I have always been a big believer of watching every word I type before I press “Enter”. This article from the “Lifestyles” section of “Chicago Tribune”, discusses the pros and cons of taking your grudges out into the social space. Though the writer’s context is a restaurant tiff, I think we could all use the message that most conflicts are best resolved face-to-face, not the other person’s face to the world, way.

What do you think? Is it okay to fight it out online if you are offended by an employee at a restaurant/movie theater/some other public place?


15 thoughts on “With great social media power comes great responsibility

  1. This is a great article. It seems like you see situations like this more and more. I think there was even one were a patron and a restaurant chef/owner battled it out online, with name calling, for about a week. I think it shows poor character/professionalism to battle it out over social media and the correct thing would be to bring it to the attention of a manager and politely discuss the situation.

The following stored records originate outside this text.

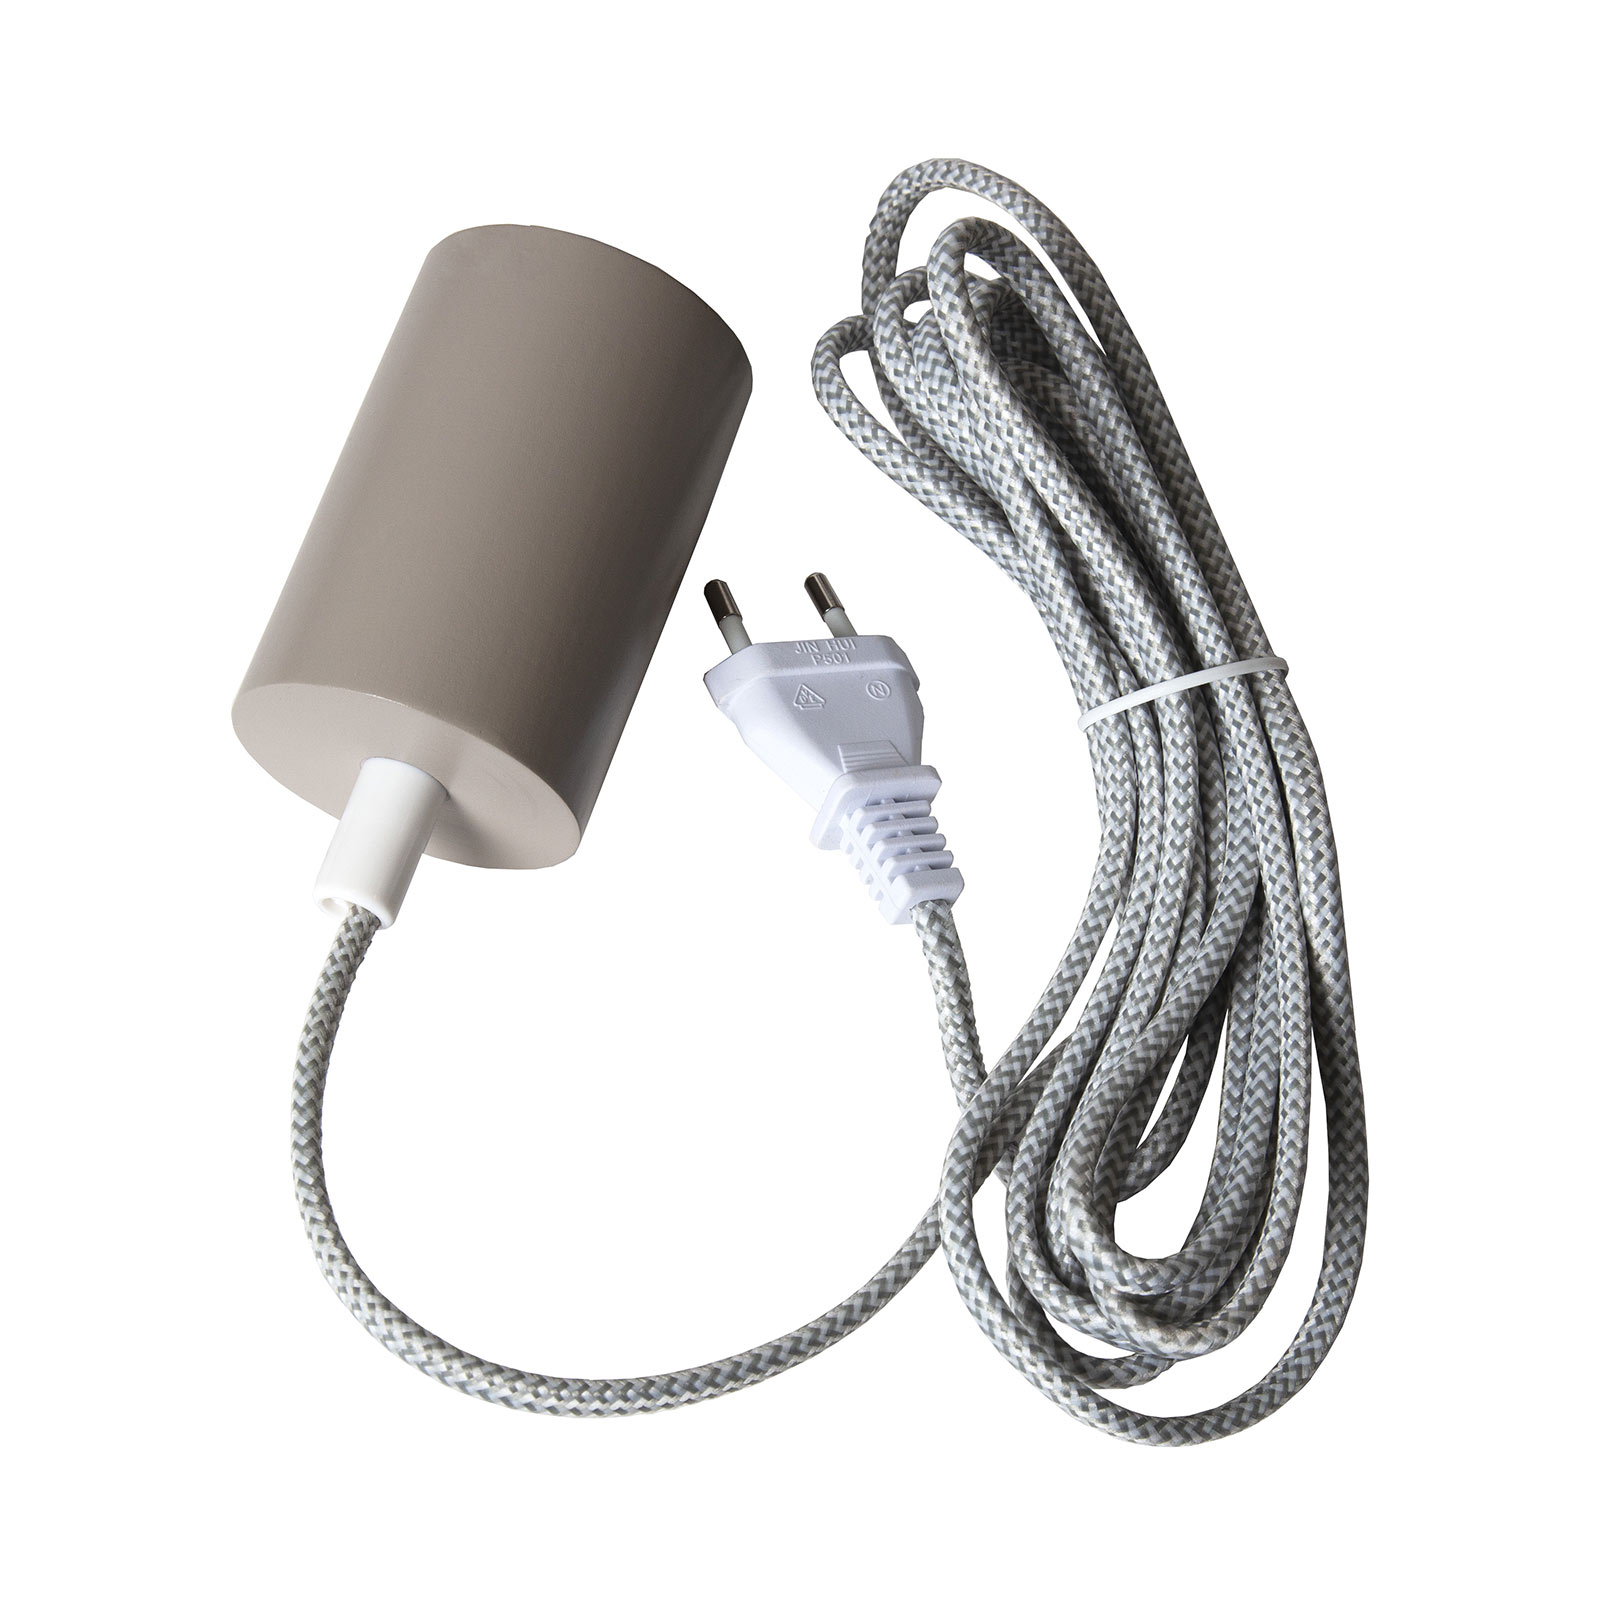 E27-Fassung Slim mit Kabel, grau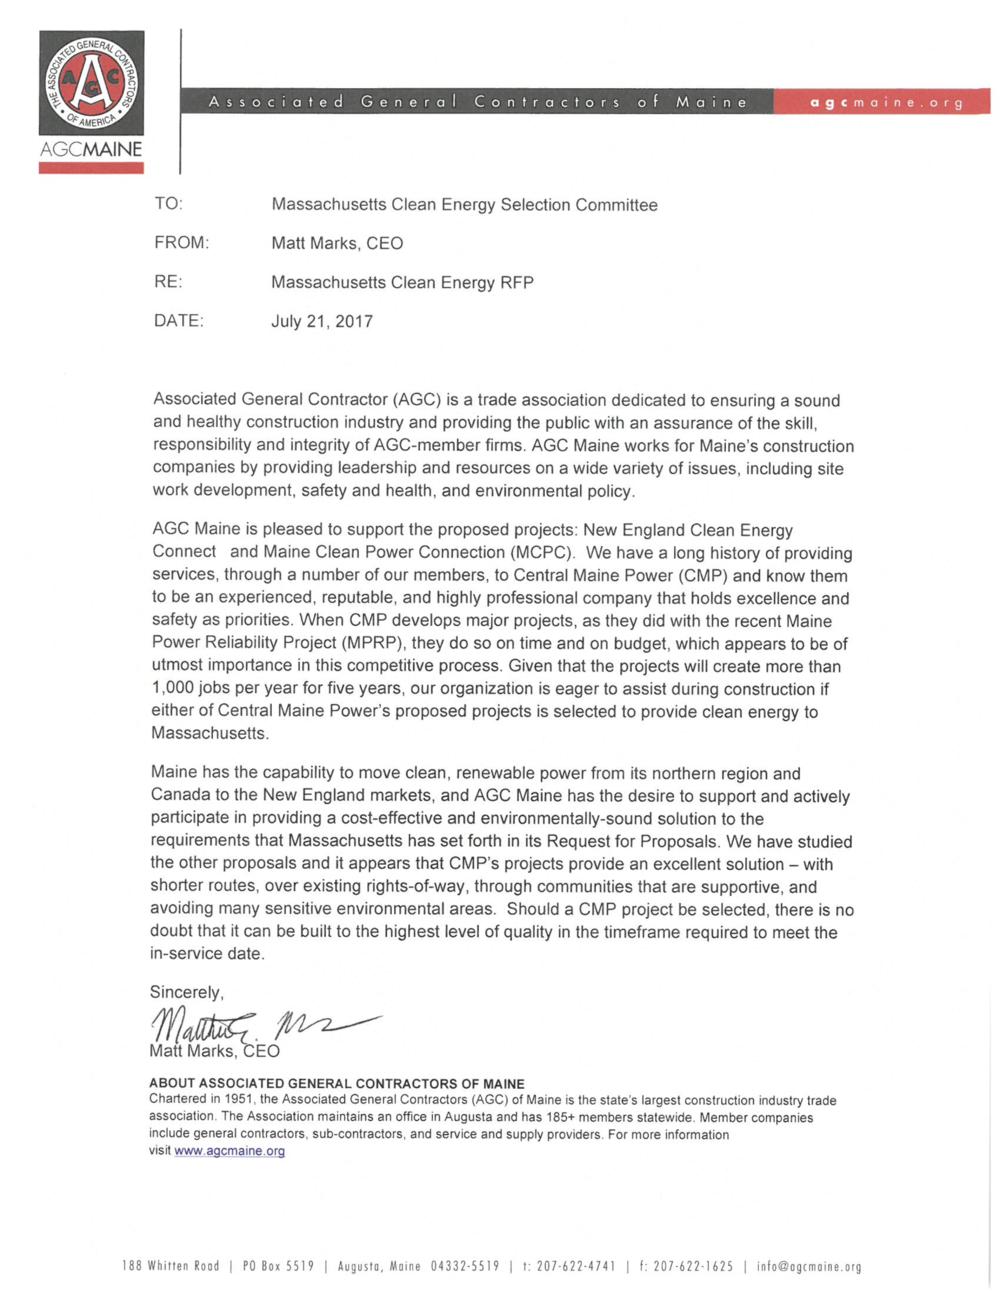 AGC Letter #2.png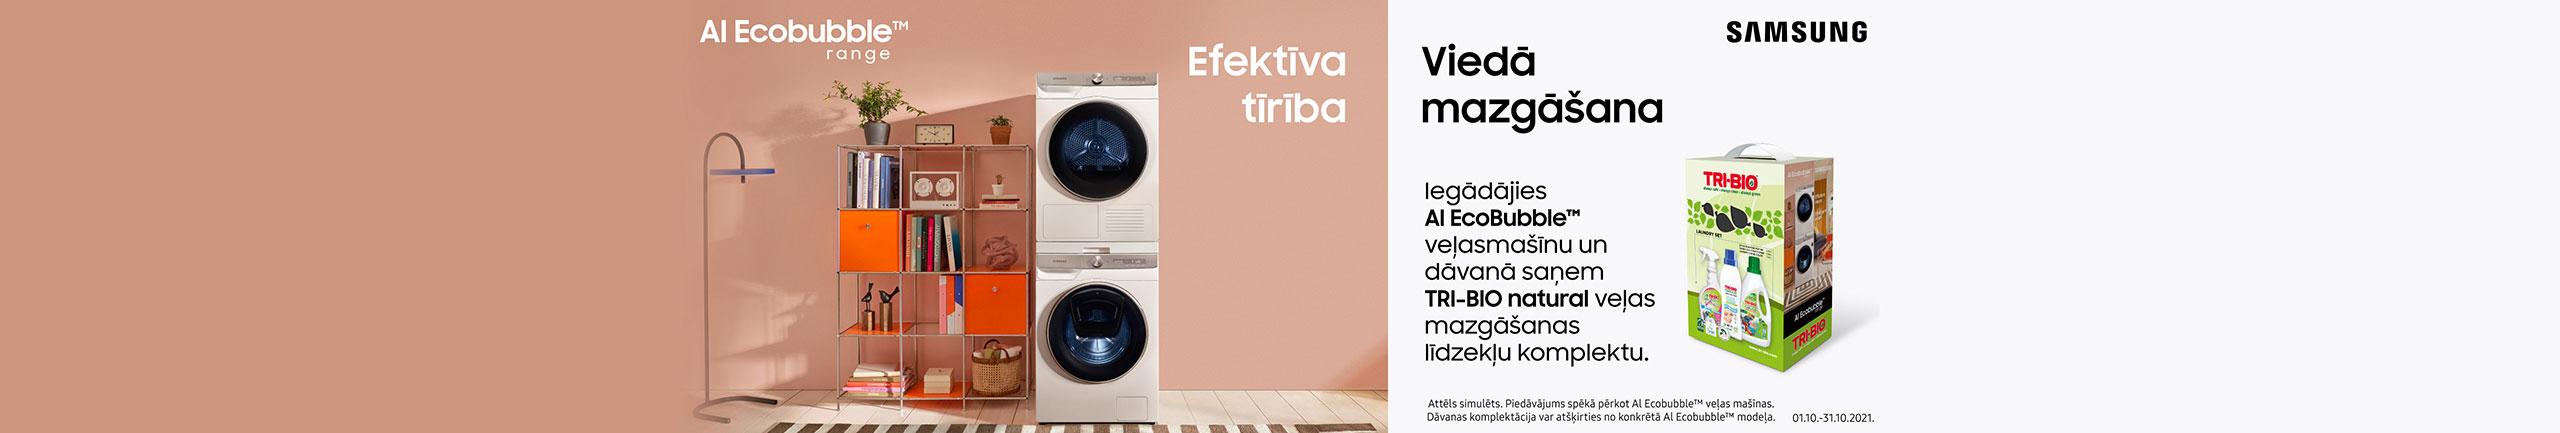 FPS Ecobub

If you’re still not happy you can write a review or even contact the Better Business Bureau if you felt that it called for such action.

    • Loly, thanks a lot for responding. You are right, social spaces online have been transforming the way we react and respond to situations, especially uncomfortable ones. I agree, we should just try keep it between the two parties concerned and not let the whole world know, considering anybody, anywhere could be following it.

  2. I don’t think it’s okay to fight it out online, even if social medias can be used to rant and release steam. Chances are, after whatever has happened to you at the restaurant, movie theater, or any public place, you’ll probably realize it wasn’t that big of a deal. And if it really was, what good does it do to fight it out? I understand talking calmly and making people realize what the mistake was, but the word “fight” to me indicates yelling and maybe cusswords. Not to mention that the manager of the place might not even be the person who runs the social media website.

  3. I do not have a problem taking my compliments and/or beefs to the internet. If you are in a customer service business, then you better provide good, even excellent, customer service! I am grappling with an issue about a business that I have been a loyal customer of for 10 years that has done me an injustice. I am thinking very carefully how I am going to handle the situation. I am going to post on as many websites as I can (i.e. yelp, etc.) but I am taking my time to think it over so that I do not lead with my emotions. What you put “out there,” remains out there, so choose your words wisely!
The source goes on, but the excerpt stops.